On Wed, Jun 18, 2003 at 01:27:58PM -0700, Cleveland@mail.winnefox.org wrote:
> > When in doubt... test!
> >
> > moseley(at)not-real.bumby:~/apache$ GET http://localhost/apache/noindex.html
>
> > http://localhost/apache/noindex.html -T indexed_words -v0
>
> It all works right. Until you add in a <a href> tag pointing to another
> file. What it does is, it'll skip the word, but still follow that link
> and also index the words in the file it's linked to. I remove the link,
> and it ignores that other file. Is there something I'm missing?

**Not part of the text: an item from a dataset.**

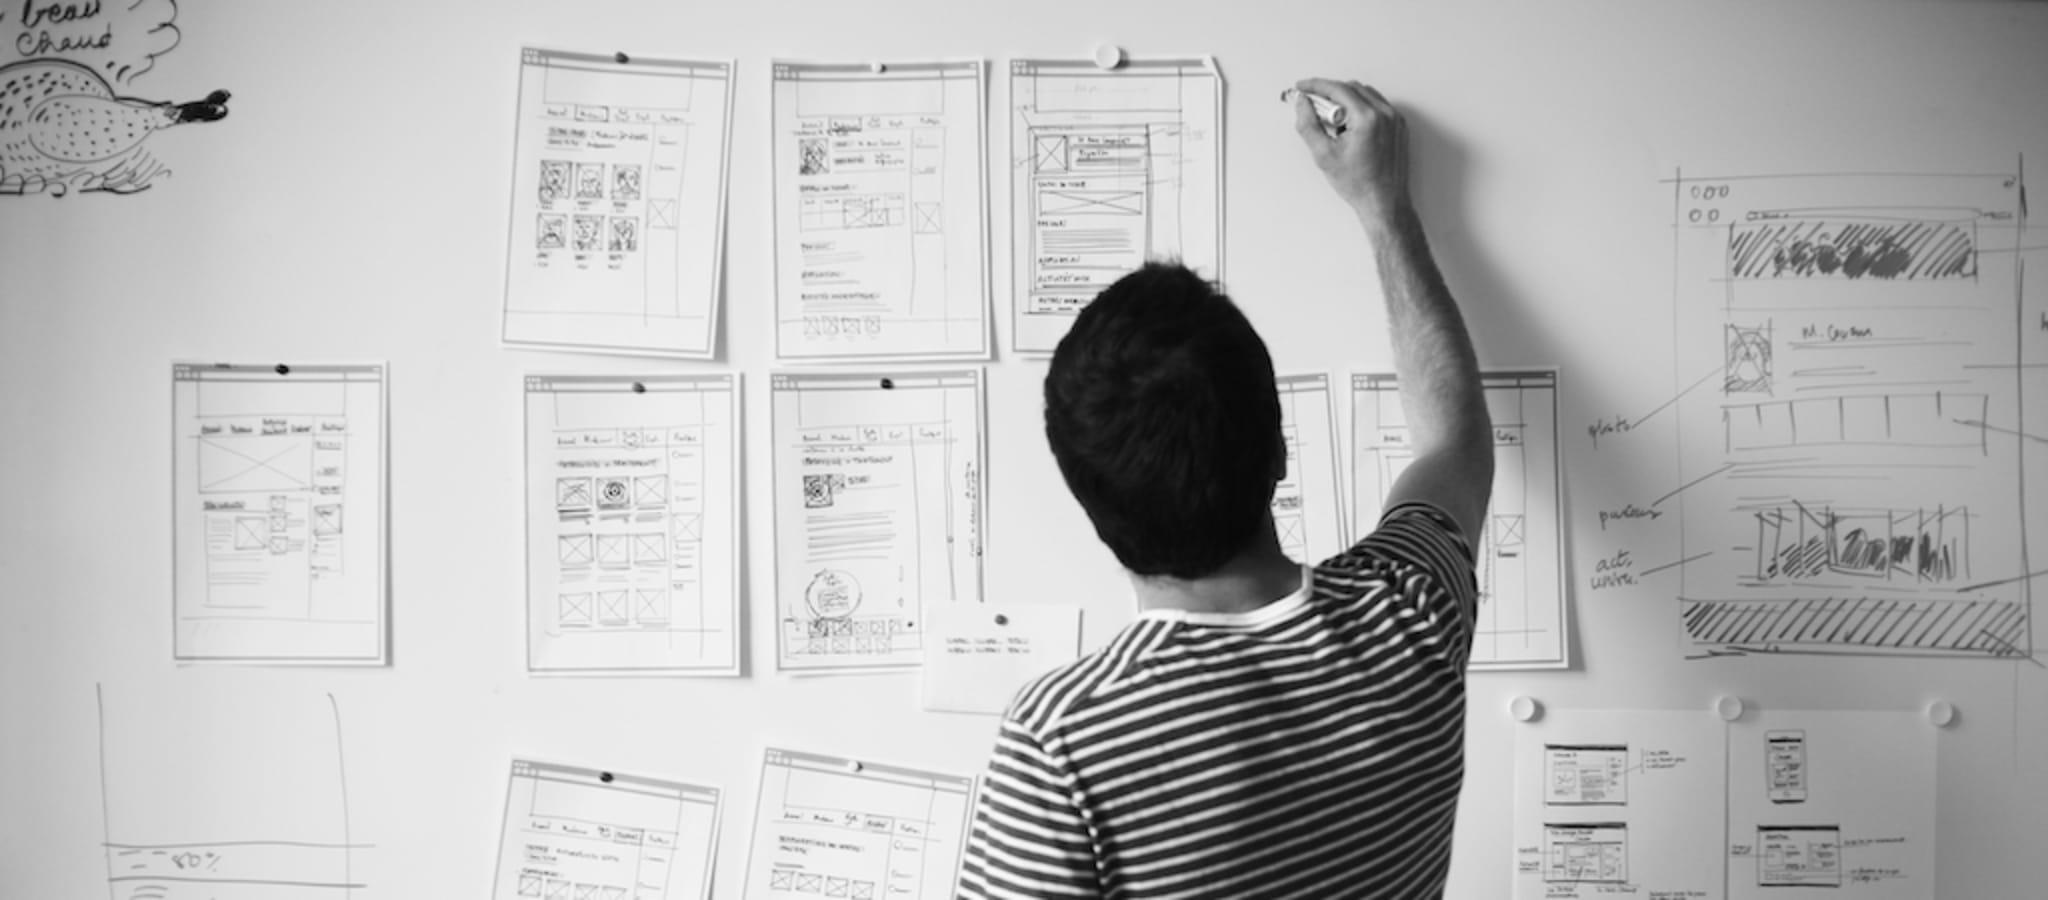 En amont du projet, l'équipe identifie les besoins réels des utilisateurs grâce à une enquête terrain
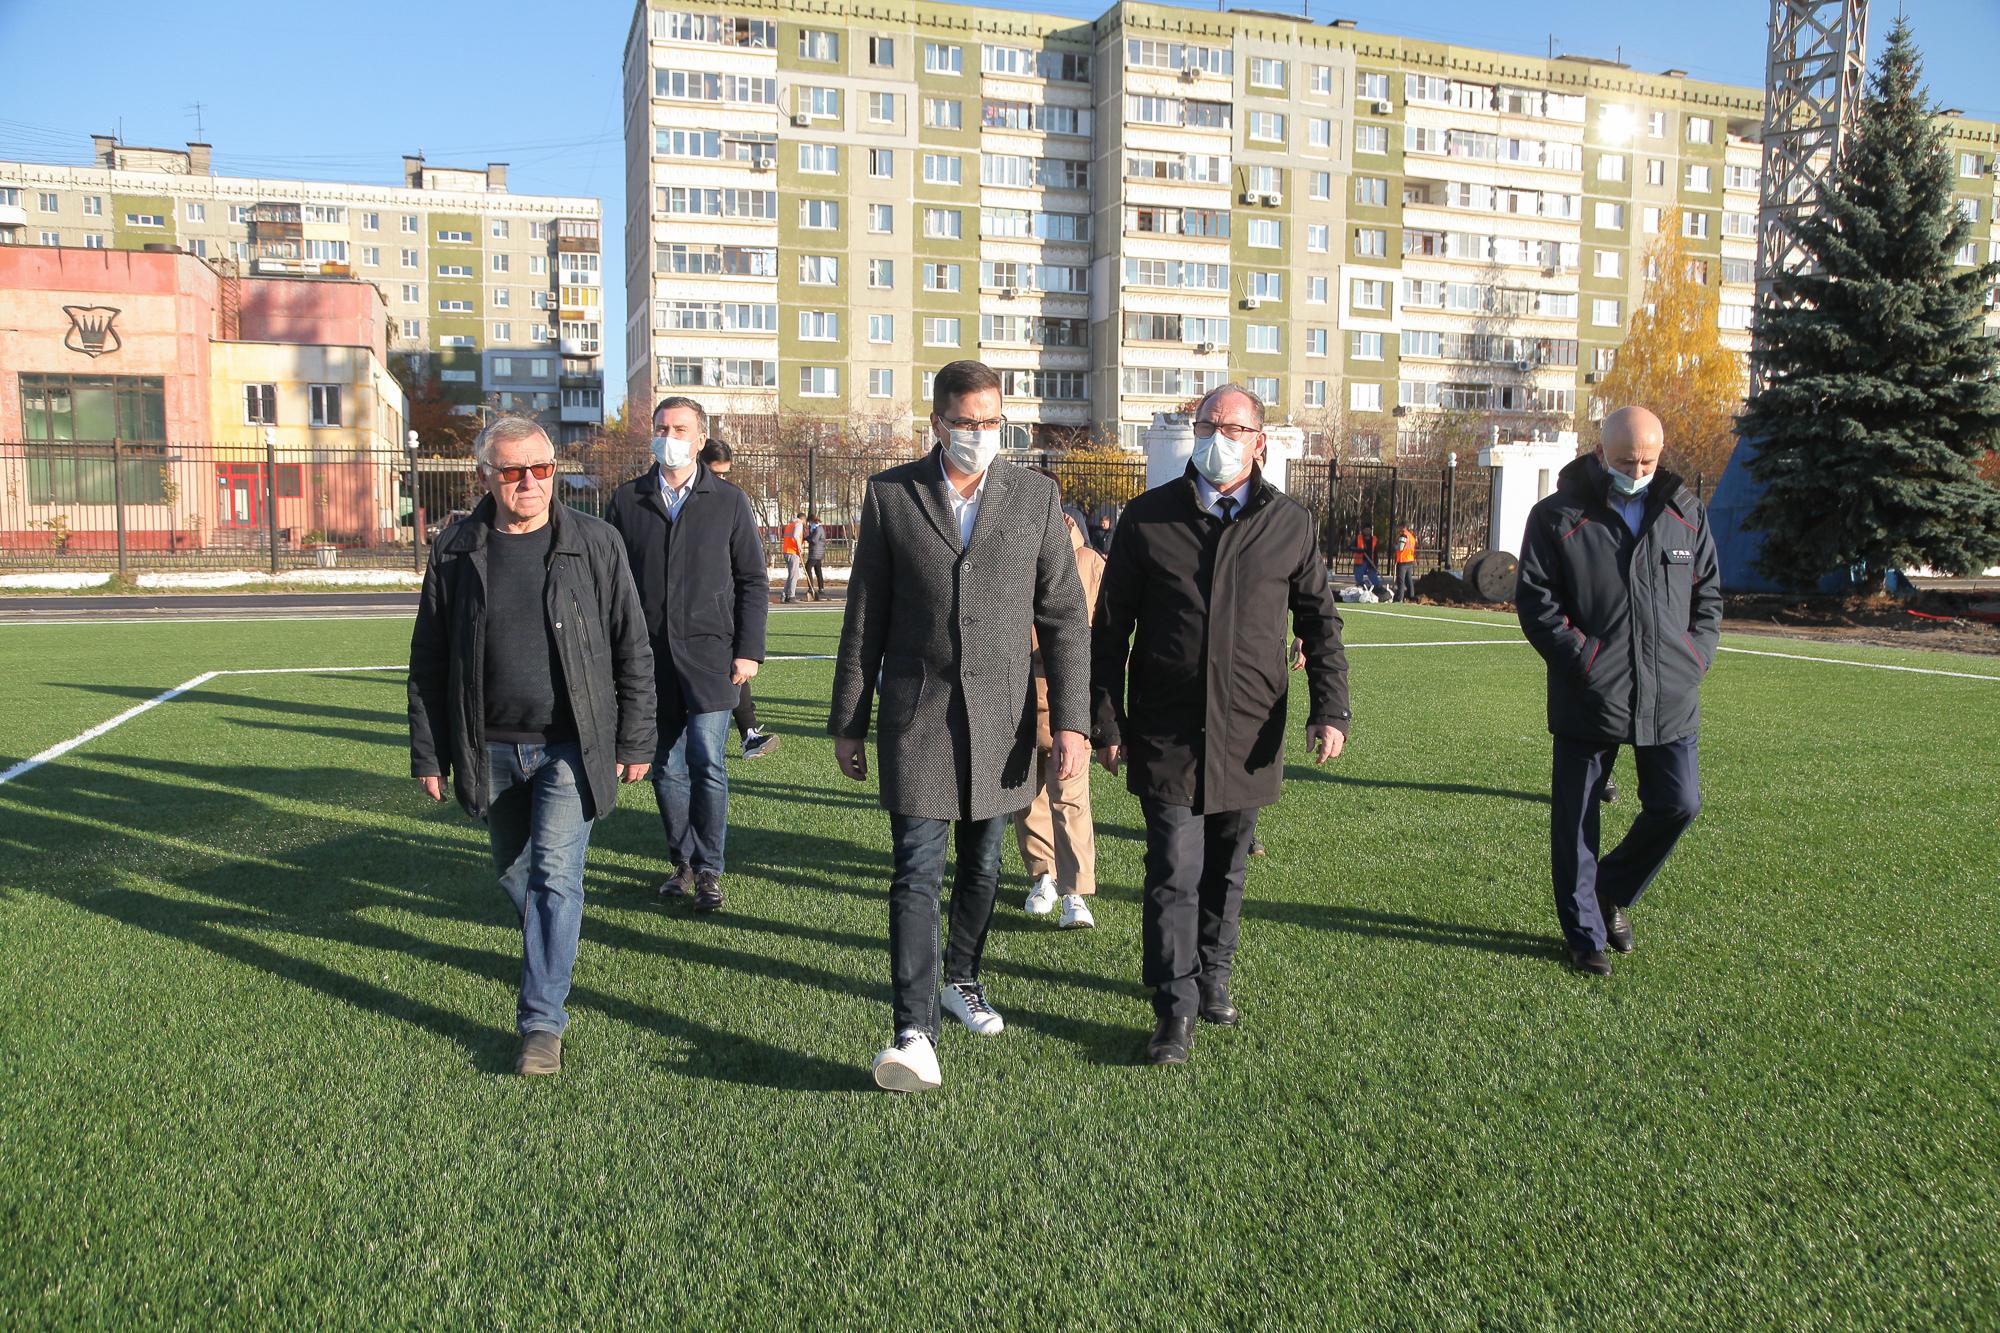 Реконструкция спорткомплекса «Чайка» завершается в Нижнем Новгороде - фото 1

Yes, you are confusing the function of swish-e vs. the spider. The
spider decides what files to send to swish-e (and thus what
links to follow). The "noindex" just tells swish-e to ignore *indexing*
the content between the tags. In other words, that noindex tag tells
swish-e not to index the content between the tags, but there's no way
for swish-e to tell the spider to ignore links found in that noindex
section.
If you don't want to index a page then use robots.txt or a meta robots
tag to say don't follow links.
The spider extracts links *before* calling the filter content function,
so you can't use that to remove links. Perhaps the order of processing
could be changed so that you could simply modify the content (e.g.
remove all content between two comments). I'll have to look when I get
back. My wireless connection isn't working well here:
http://www.forwolves.org/ralph/wpages/graphics/little-redfish-lk2.jpg
--
Bill Moseley
moseley@hank.org
Received on Sat Jun 21 14:02:31 2003